Cream Cheese Piecrust

Recipe from

Cooking Light

Nutritional Information

Calories 916
Caloriesfromfat 36 %
Fat 37 g
Satfat 20.5 g
Monofat 10.7 g
Polyfat 2.3 g
Protein 19.3 g
Carbohydrate 123.1 g
Fiber 3.4 g
Cholesterol 302 mg
Iron 6.7 mg
Sodium 1074 mg
Calcium 158 mg


2 tablespoons butter or stick margarine
2 tablespoons (1 ounce) 1/3-less-fat cream cheese
2 tablespoons sugar
1 teaspoon vanilla extract
1 tablespoon 1% low-fat milk
1 large egg yolk
1 cup all-purpose flour
1/4 teaspoon baking powder
1/4 teaspoon salt
Cooking spray


Combine first 4 ingredients in a bowl; beat well at medium speed of a mixer until smooth. Add milk and egg yolk; beat until well-blended. Lightly spoon flour into a dry measuring cup, and level with a knife. Add flour, baking powder, and salt to bowl, stirring until well-blended.

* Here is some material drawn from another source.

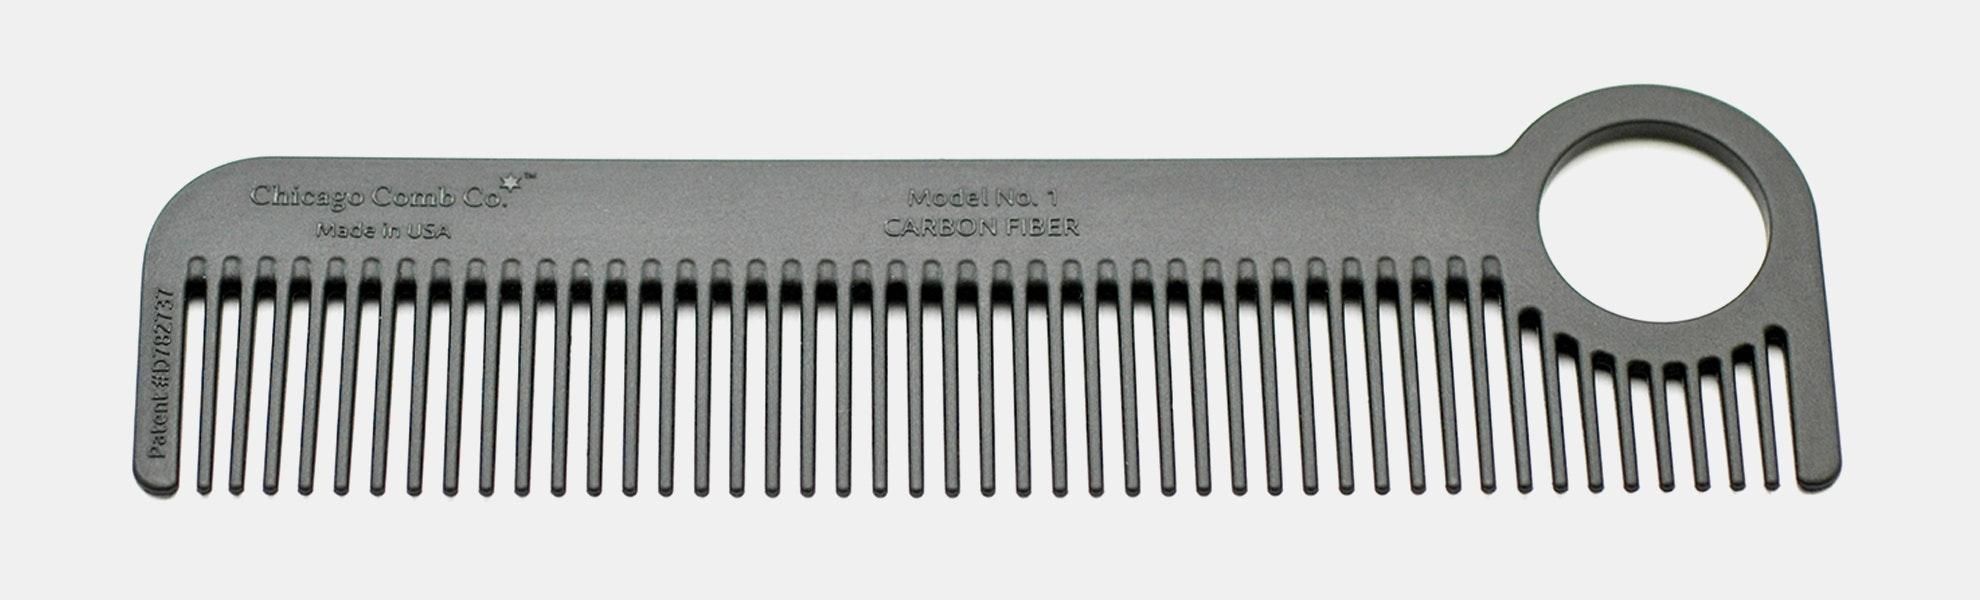 Chicago Comb Co. Carbon Fiber Combs

Press mixture gently into a 4-inch circle on heavy-duty plastic wrap; cover with additional plastic wrap. Chill for 15 minutes. Roll dough, still covered, to an 11-inch circle. Place dough in freezer 5 minutes or until plastic wrap can be easily removed.

Remove 1 sheet of plastic wrap, and fit dough, plastic wrap side up, into a 9-inch pie plate coated with cooking spray. Remove top sheet of plastic wrap. Press the dough against bottom and sides of pan. Fold edges under, and flute. Fill and bake the crust according to recipe directions.